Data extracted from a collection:
-------
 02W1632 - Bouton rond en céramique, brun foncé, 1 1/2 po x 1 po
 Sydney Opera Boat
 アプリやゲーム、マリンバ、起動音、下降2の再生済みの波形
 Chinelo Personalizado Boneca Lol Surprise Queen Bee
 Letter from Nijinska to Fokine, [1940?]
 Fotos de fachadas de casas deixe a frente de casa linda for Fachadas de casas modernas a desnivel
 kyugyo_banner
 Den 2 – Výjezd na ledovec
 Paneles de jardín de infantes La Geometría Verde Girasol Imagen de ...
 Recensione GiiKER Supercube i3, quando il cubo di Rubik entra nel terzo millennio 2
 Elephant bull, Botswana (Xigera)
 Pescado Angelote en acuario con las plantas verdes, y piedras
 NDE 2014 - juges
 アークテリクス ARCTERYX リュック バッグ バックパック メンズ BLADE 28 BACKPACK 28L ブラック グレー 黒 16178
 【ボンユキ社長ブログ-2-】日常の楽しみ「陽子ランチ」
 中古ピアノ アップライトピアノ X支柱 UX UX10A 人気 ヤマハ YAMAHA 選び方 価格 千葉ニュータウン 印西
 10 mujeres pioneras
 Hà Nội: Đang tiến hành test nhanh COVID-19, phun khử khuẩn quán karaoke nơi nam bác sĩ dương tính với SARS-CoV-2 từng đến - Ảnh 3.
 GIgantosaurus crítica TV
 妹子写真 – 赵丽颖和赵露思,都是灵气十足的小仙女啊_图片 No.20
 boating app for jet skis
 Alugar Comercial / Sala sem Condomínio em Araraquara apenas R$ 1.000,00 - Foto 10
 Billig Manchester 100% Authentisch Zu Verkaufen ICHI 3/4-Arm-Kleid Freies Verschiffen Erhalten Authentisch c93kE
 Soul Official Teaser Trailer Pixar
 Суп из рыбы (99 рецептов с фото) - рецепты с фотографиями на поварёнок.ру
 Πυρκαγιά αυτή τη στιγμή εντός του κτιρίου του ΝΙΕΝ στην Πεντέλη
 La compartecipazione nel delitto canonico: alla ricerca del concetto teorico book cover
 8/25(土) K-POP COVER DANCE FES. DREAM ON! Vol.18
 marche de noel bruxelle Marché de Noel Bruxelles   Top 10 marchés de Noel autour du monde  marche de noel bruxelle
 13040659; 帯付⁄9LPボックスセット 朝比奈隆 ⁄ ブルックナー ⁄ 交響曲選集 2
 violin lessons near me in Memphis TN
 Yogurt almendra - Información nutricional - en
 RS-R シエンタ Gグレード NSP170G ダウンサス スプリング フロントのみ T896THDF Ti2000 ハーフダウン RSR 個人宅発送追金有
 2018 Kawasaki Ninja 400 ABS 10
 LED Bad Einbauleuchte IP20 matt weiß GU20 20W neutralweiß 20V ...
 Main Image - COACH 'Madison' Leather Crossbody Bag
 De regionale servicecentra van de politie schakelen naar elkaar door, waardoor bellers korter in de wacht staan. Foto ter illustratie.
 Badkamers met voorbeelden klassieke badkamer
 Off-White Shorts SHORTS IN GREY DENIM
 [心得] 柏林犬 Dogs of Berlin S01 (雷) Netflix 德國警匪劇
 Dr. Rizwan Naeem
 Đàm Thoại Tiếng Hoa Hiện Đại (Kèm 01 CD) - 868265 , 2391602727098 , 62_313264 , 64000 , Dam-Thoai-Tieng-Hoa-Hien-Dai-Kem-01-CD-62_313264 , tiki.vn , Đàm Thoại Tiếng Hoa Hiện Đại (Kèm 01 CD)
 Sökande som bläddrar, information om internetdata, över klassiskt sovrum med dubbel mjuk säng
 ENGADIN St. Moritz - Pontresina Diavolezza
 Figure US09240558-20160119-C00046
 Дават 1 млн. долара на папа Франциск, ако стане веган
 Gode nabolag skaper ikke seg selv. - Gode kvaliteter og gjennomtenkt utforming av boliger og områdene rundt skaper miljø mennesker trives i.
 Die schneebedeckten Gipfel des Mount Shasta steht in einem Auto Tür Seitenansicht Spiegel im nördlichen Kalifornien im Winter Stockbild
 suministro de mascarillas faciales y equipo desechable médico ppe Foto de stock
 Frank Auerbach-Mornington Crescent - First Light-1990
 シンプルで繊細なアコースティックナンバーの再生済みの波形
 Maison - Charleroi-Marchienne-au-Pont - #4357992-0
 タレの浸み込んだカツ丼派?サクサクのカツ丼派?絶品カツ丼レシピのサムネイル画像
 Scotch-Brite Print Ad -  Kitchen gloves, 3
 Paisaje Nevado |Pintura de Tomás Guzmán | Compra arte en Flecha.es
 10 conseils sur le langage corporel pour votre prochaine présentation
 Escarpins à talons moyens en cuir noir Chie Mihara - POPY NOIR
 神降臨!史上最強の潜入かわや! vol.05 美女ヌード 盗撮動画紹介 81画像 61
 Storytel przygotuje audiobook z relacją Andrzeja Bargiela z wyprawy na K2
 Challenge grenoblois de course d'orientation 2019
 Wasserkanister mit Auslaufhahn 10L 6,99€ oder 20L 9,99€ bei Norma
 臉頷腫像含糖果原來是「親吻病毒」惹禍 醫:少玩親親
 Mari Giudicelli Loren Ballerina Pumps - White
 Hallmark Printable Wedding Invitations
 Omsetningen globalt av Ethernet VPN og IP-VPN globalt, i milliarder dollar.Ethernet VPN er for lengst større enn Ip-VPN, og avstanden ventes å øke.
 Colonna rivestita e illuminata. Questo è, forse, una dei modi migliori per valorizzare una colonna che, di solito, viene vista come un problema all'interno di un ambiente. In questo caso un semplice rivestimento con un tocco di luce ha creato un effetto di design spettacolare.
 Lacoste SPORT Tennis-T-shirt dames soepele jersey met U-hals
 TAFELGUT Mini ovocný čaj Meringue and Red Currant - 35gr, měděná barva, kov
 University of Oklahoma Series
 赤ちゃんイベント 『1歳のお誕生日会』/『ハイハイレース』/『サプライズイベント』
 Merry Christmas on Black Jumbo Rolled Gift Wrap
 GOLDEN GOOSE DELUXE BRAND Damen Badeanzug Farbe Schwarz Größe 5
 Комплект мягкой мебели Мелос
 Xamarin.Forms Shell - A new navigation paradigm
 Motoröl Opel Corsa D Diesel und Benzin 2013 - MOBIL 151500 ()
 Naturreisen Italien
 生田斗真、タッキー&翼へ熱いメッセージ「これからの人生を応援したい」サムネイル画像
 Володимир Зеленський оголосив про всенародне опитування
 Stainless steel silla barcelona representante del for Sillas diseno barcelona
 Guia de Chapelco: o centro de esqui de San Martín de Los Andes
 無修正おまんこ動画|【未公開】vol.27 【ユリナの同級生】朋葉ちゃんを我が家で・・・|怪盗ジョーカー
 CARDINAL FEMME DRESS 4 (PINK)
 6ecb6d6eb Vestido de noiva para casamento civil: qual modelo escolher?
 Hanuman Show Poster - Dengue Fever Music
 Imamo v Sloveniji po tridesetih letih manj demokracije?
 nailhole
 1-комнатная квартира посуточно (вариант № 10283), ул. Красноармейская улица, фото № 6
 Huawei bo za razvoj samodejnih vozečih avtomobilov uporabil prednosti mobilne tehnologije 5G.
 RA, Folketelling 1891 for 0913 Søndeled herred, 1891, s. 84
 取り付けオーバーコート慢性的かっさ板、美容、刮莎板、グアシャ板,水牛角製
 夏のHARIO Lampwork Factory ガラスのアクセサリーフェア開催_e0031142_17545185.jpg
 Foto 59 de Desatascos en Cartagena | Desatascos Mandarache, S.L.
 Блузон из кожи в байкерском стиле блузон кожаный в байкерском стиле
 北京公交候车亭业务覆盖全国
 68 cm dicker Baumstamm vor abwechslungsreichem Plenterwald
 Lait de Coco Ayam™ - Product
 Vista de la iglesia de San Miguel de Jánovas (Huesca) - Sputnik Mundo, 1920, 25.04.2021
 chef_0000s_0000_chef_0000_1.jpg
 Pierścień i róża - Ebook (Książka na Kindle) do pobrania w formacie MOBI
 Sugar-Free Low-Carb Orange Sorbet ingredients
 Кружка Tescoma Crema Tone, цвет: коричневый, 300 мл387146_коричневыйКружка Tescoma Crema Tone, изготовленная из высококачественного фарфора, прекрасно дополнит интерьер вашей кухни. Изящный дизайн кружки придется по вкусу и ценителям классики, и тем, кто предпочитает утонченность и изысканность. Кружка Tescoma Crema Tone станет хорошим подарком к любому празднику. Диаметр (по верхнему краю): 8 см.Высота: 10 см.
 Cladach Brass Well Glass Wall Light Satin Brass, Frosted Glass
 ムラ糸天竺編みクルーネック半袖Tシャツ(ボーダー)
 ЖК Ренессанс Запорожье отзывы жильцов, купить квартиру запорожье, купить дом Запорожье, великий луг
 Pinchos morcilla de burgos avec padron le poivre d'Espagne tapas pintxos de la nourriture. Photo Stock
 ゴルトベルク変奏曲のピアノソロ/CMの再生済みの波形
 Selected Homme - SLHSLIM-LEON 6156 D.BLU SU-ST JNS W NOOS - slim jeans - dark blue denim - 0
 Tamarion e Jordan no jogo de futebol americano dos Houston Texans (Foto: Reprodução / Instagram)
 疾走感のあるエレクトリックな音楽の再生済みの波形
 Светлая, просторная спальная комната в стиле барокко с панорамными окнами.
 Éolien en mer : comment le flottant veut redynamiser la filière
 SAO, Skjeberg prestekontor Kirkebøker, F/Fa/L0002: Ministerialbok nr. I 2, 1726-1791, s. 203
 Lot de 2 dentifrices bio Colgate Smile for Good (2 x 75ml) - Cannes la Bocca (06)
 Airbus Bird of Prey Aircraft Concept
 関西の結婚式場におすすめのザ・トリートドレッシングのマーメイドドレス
-------
▸ **Assignment**:
Copy the lines above exactly. Start with the line containing "Hallmark Printable Wedding Invitations", end with the line containing "Hanuman Show Poster - Dengue Fever Music", and include both.

▸ **Output of the exercise**:
 Hallmark Printable Wedding Invitations
 Omsetningen globalt av Ethernet VPN og IP-VPN globalt, i milliarder dollar.Ethernet VPN er for lengst større enn Ip-VPN, og avstanden ventes å øke.
 Colonna rivestita e illuminata. Questo è, forse, una dei modi migliori per valorizzare una colonna che, di solito, viene vista come un problema all'interno di un ambiente. In questo caso un semplice rivestimento con un tocco di luce ha creato un effetto di design spettacolare.
 Lacoste SPORT Tennis-T-shirt dames soepele jersey met U-hals
 TAFELGUT Mini ovocný čaj Meringue and Red Currant - 35gr, měděná barva, kov
 University of Oklahoma Series
 赤ちゃんイベント 『1歳のお誕生日会』/『ハイハイレース』/『サプライズイベント』
 Merry Christmas on Black Jumbo Rolled Gift Wrap
 GOLDEN GOOSE DELUXE BRAND Damen Badeanzug Farbe Schwarz Größe 5
 Комплект мягкой мебели Мелос
 Xamarin.Forms Shell - A new navigation paradigm
 Motoröl Opel Corsa D Diesel und Benzin 2013 - MOBIL 151500 ()
 Naturreisen Italien
 生田斗真、タッキー&翼へ熱いメッセージ「これからの人生を応援したい」サムネイル画像
 Володимир Зеленський оголосив про всенародне опитування
 Stainless steel silla barcelona representante del for Sillas diseno barcelona
 Guia de Chapelco: o centro de esqui de San Martín de Los Andes
 無修正おまんこ動画|【未公開】vol.27 【ユリナの同級生】朋葉ちゃんを我が家で・・・|怪盗ジョーカー
 CARDINAL FEMME DRESS 4 (PINK)
 6ecb6d6eb Vestido de noiva para casamento civil: qual modelo escolher?
 Hanuman Show Poster - Dengue Fever Music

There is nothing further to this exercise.